Location: Wonderland
67,650 posts, read 61,153,481 times
Reputation: 101095
Quote:
Originally Posted by willow wind View Post
Kathryn- you're ruminating over this situation. Ruminating is not emotionally healthful. How much time have you spent writing posts on city data. How much time have you spent on your own thinking of what to do with this " friend". Probably countless hours.

What has it gotten you- nothing. Perhaps it's time to step back and formulate a working plan. Figure out what you don't like- such as constantly being stood up . Your plan should then be don't put yourself in the situation where that happens. No more meeting for lunch, dinner, shopping, etc. It's not working , time to end it.

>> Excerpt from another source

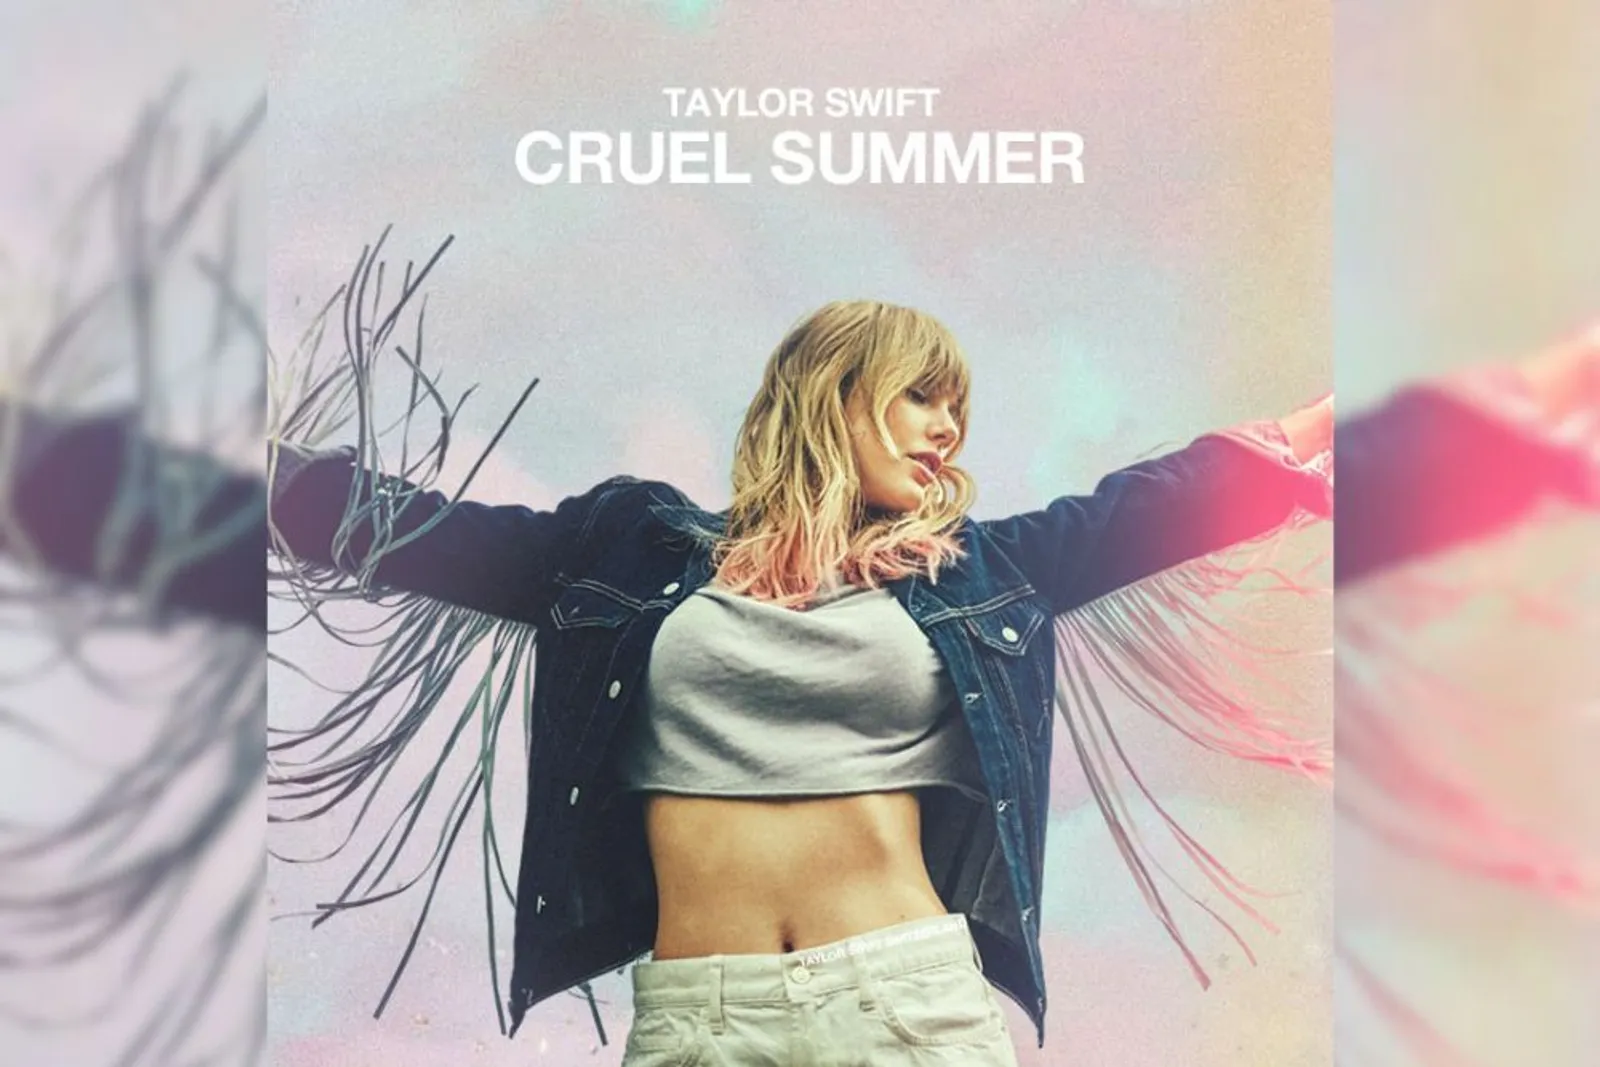 Makna Lagu "Cruel Summer" Taylor Swift, Romansa di Musim Panas

Invite your friend to your home only when there will be a group of people there. Then, if she doesn't show, she won't be missed as much. Communicate with her over the phone, texts,email, etc. at your convenience. Don't always be available to be her listener. Don't go to her home as she is never ready to see you.

Yes, there may be something going on with her, medically, emotionally, whatever. All you can do it so offer to support her if she wants to see a doctor, therapist, etc. But as we all always say on city-data- you can't fix people. She has to want to get to the bottom of her problems, if that is what they are to her. Right now she is in denial about getting help.

It may be best for you to just step back some. Put some sort of structure or boundary around your relationship with her. People change, relationships change. You may have to adjust how you look at your friendship with her. Minimize your contact so that she behavior does not annoy or aggravate you. Right now, she is not behaving like a friend and all you are doing is enabling her various behaviors.

Try not to overthink her problems. They are her problems. She, not you, has to deal with them. You can be supportive but you do not have to take them on. Hand them back to her.

Wow, great advice. Thank you.

I do have a very specific plan and I feel a lot better now. See above post.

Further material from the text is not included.